Atlanta’s antigen experience
Antigen screening in schools is optional, and parents have to give consent for their children. Each participating school tailors testing to its needs, deciding frequency, locations, target groups, implementation, and more. Parents, meanwhile, often need to be persuaded to sign on. They might not see the value, or worry that testing will waste time, or that false results may lead to unnecessary quarantines. (PCR is used to confirm antigen results to avoid that.)
“The success of the program is 100% going to depend on the level of participation,” said Pescatore. “So it’s dependent on marketing and communication efforts.”
The Atlanta school district was in the vanguard of antigen screening, piloting a program last spring and promoting it through open houses, newsletters, fliers in backpacks, the PTA, and more.
This school year — already underway in person for the city’s 52,000 public school students — is showing the value and limits of screening in a district where less than a fifth of eligible students are vaccinated and community spread is surging.
The Drew Charter School, where almost all teachers and students have consented to routine antigen testing, made national headlines when two students and two employees tested positive, leading to the quarantine of more than 100 students. (Those numbers have climbed with ongoing testing.)
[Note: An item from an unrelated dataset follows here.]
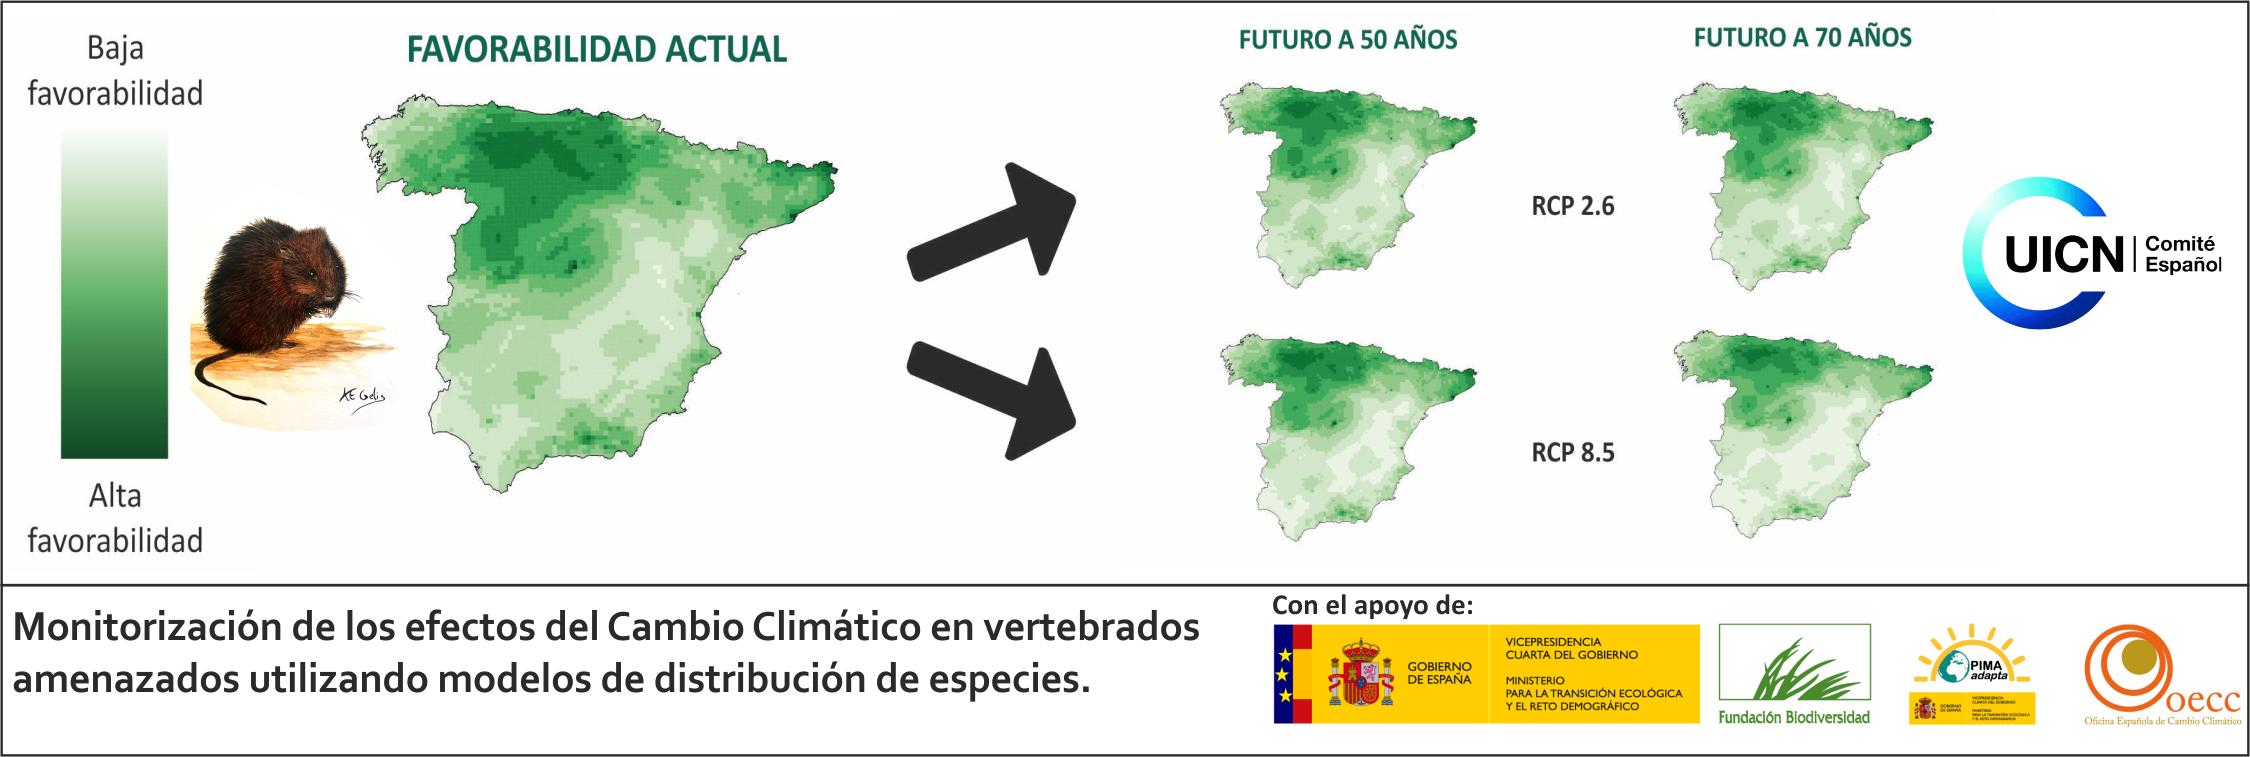 Monitorización de los efectos del cambio climático en vertebrados amenazados utilizando modelos de distribución de especies.

Meanwhile, at Atlanta’s Parkside Elementary, participation is so-so.
“We have over 500 students. About 250 have been consented,” Parkside PTA president Darcy Rice Millard said Tuesday. “I really wish it was more.”
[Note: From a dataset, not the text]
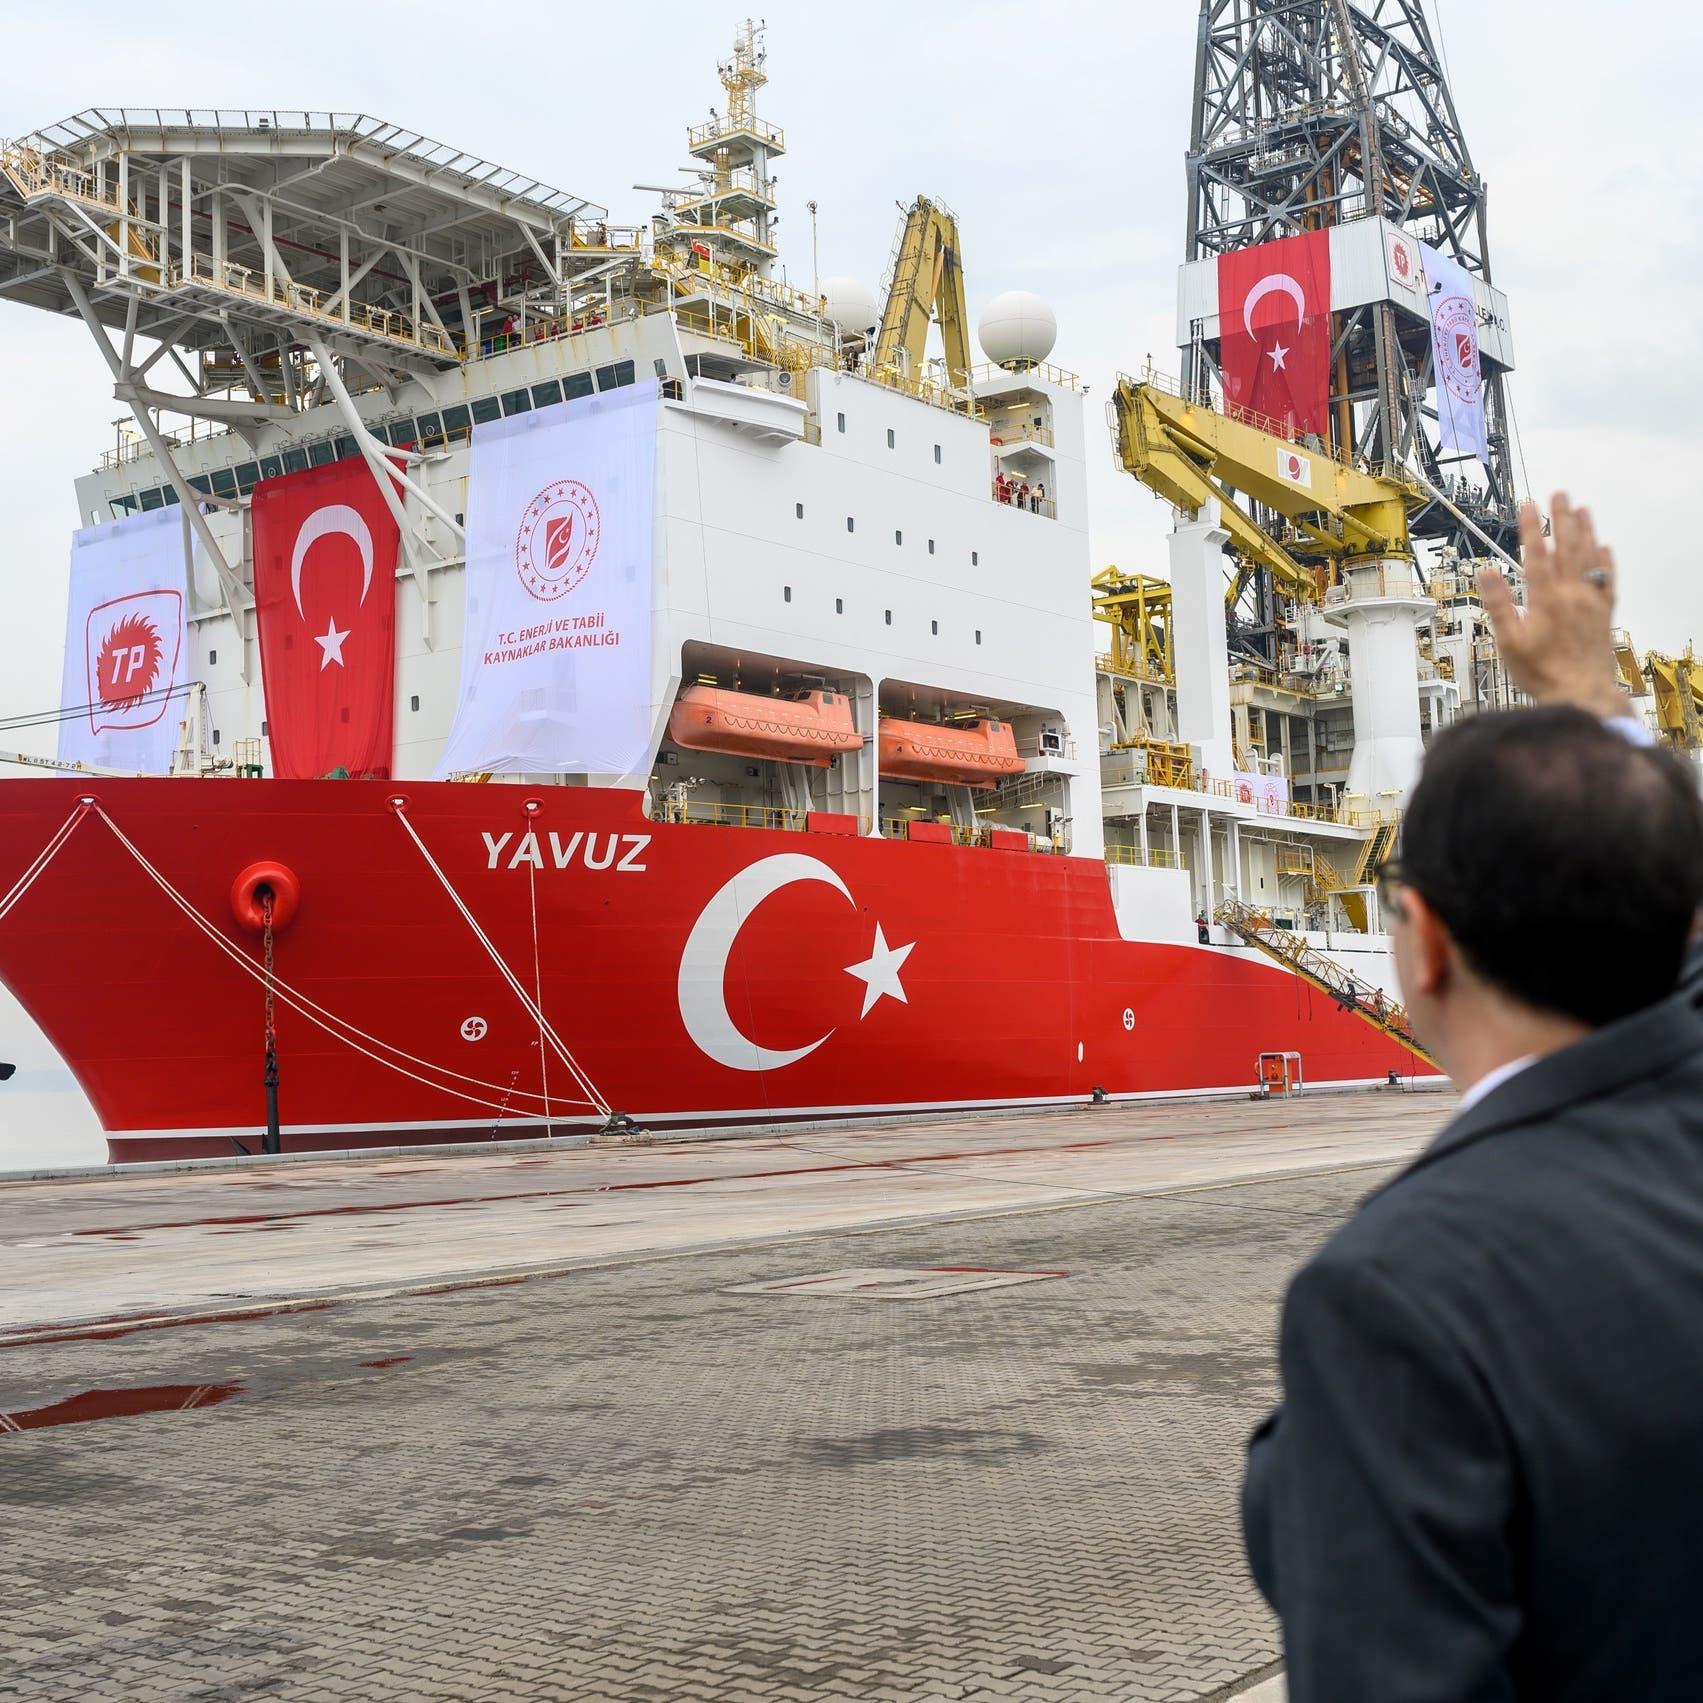 3 طائرات وسفينة.. تركيا تواصل ضخ السلاح إلى ليبيا

Atlanta Public Schools, like CHOP’s ACE-IT and other screening initiatives, are also offering free PCR testing and holding vaccination clinics.
“It’s been nice to see how much APS is doing,” Millard said. “Without outright mandating the vaccine, they’re doing all they can to keep kids and staff safe.”
The difference in COVID-19 tests
COVID-19 testing has come a long way from the start of the pandemic, but confusion over test types and their uses remains widespread.
Molecular, or PCR, tests detect fragments of viral genetic material in respiratory or saliva samples. PCR remains the gold standard for diagnosis because it is the most accurate. Many of the several-hundred authorized PCR tests now require just a home-collected, front-of-the-nostrils swab (not a deep nose dive at a drive-through collection site) that is shipped to a lab for analysis.
Antigen tests can signal a new infection even before it causes symptoms – and when it is most transmissible -- by detecting a protein, or antigen, the virus starts making soon after it invades the body. A nasal swab or saliva sample is placed directly into chemicals that break open and react with the virus if it is present, giving results in as little as 15 minutes.
Antibody tests use a blood sample to look for disease-fighting proteins called antibodies, a sign of immune response to infection. In theory, the tests could identify people with immunity who could safely go back to work. In reality, test results are often wrong, and the strength of natural immunity remains uncertain. Antibody tests have become important tools for studying that question, and for understanding the scope of coronavirus exposure in populations.